The optical and SEM micrographs of Steel C shown in Fig. 1(c) and 2(c), respectively, revealed bainitic structure with evenly distributed acicular ferrites (Ref 29). Literatures revealed that bainitic structures are formed when the decomposition of austenite to ferrite and pearlites is restrained by the presence of micro-alloying elements (Ref 29, 37, 41, 44, 45). Kermani and Morshed (Ref 46) and Kermani et al. (Ref 38) identified Cr and Mo as alloying elements that retard decomposition of martensite or austenite to ferrites and carbides. Steel C as shown in Table 1 contains more Cr (0.99 wt.%) and Mo (0.46 wt.%) than the other steels. This could have necessitated its bainitic structure.

Electrochemical Tests

Linear polarization resistance (LPR) and Tafel extrapolation techniques were used to assess the corrosion behavior of the steels in both aerated and deaerated aqueous solutions of NaCl at ambient temperature. LPR was conducted for 6 h, while the potentiodynamic polarization was performed after 6 h LPR. This is because LPR technique generally uses only minor perturbation around OCP (\(\pm \;15\;{\text{mV}} \;{\text{in}}\;{\text{this}} \;{\text{case}})\) and so does not significantly affect the surface of specimen. That is why it is used for assessing long time corrosion propensity of metals (Ref 47). Also, the alternating potential measurement helps to stabilize the OCP after each LPR scan. The solutions were stirred throughout the period of the tests. This was to ensure that the surface concentration of the species was approximately equal to the bulk concentration and thus minimizes the effect of diffusion polarization (Ref 47,48,49,50). Three different concentrations of NaCl namely 1.0, 3.5 and 10.0 wt.% were used. For LPR measurements, the specimens were polarized within the range of ± 15 mV versus OCP and at a scan rate of 0.25 mV s−1 for 6 h. For the potentiodynamic polarization, the Tafel cathodic and anodic branches were scanned separately. However, the effective scan range for the two sweeps was ± 250 mV versus OCP and at a scan rate of 0.5 mV/s. The ohmic drop of the experimental setup was calculated to ensure it is too minute and so was neglected. This was achieved using Eq 5 as reported by Oelssner et al. (Ref 49)

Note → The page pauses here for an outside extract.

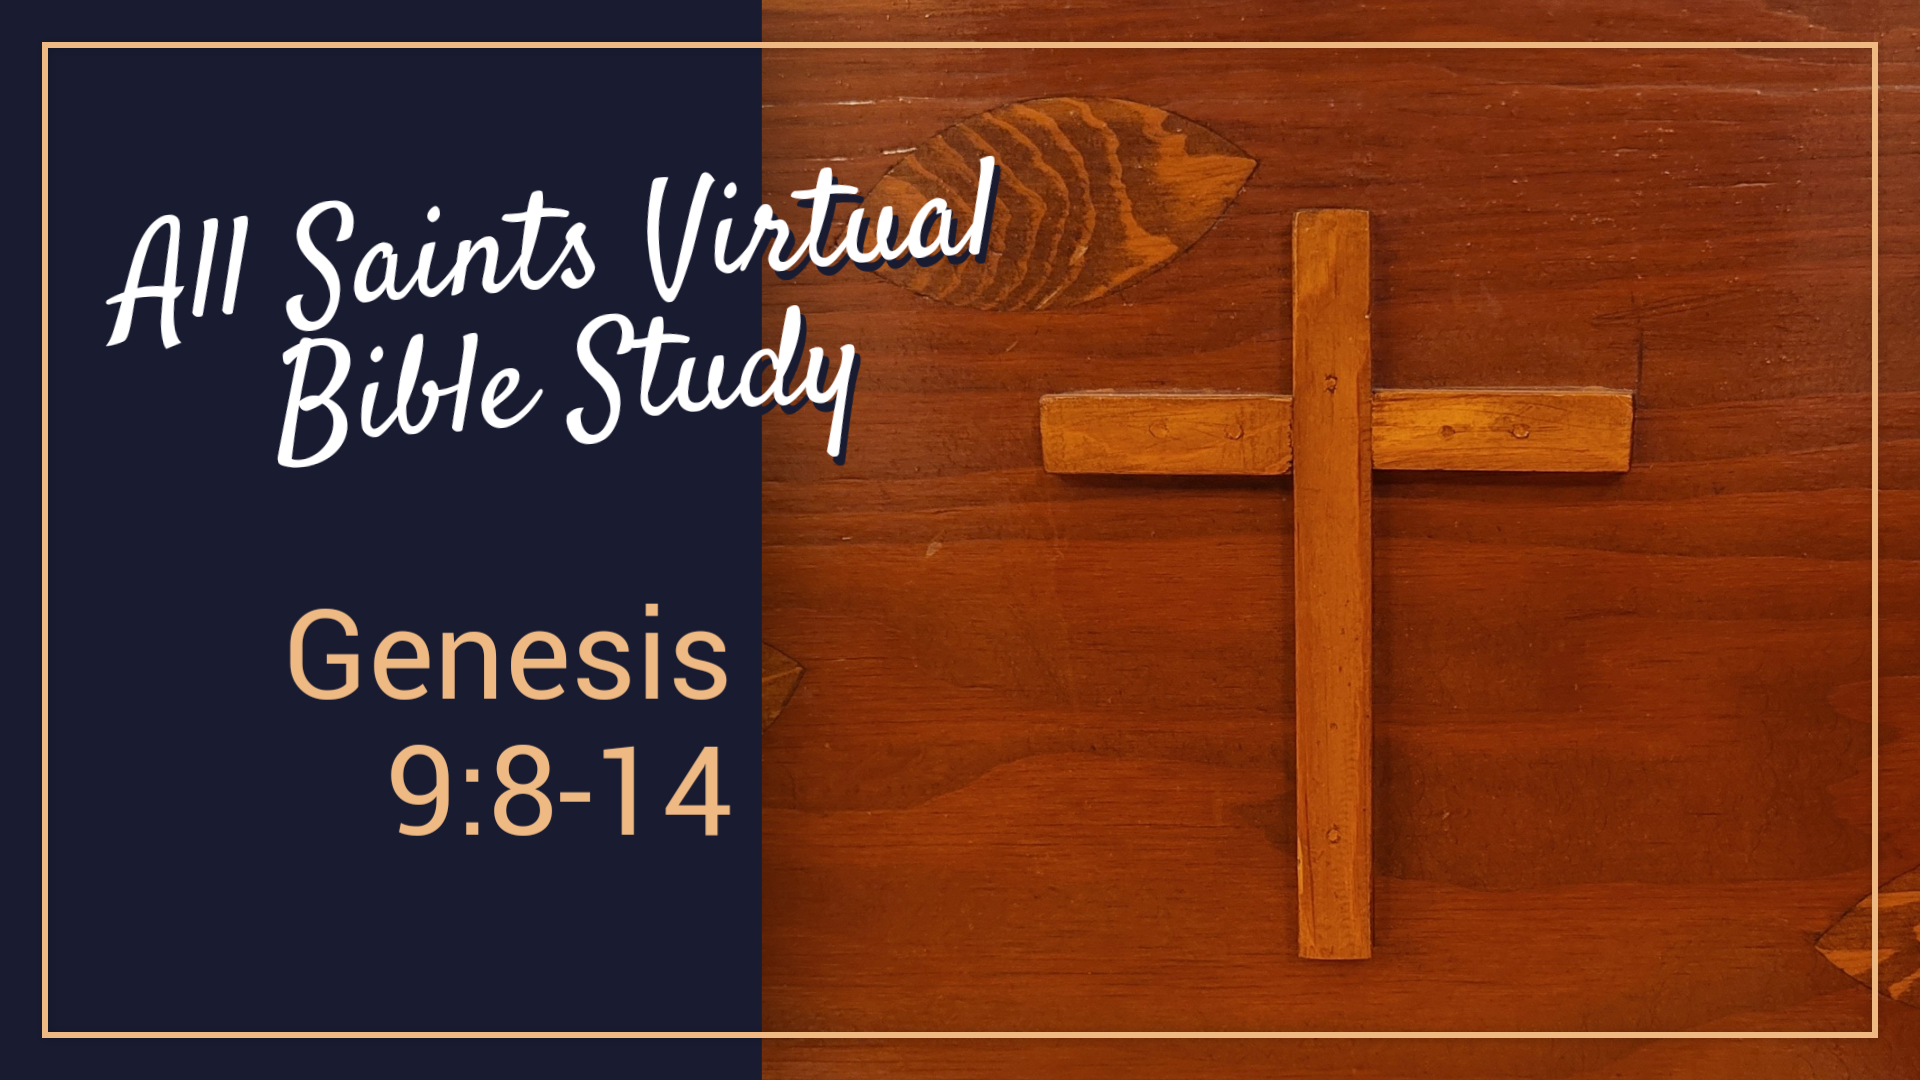 All Saints Virtual Bible Study - Genesis 9:8-14

$$R_{U} = \frac{Z}{2KA},$$
(5)

where Z = the gap between the working electrode and the reference electrode (mm), K = the electrical conductivity of 3.5 wt.% NaCl solution (mS/cm) (Ref 51) and A = the area of the working electrode (mm2).

The estimated ohmic drop was about 0.1 µΩ. This is very negligible and hence was neglected in all the tests.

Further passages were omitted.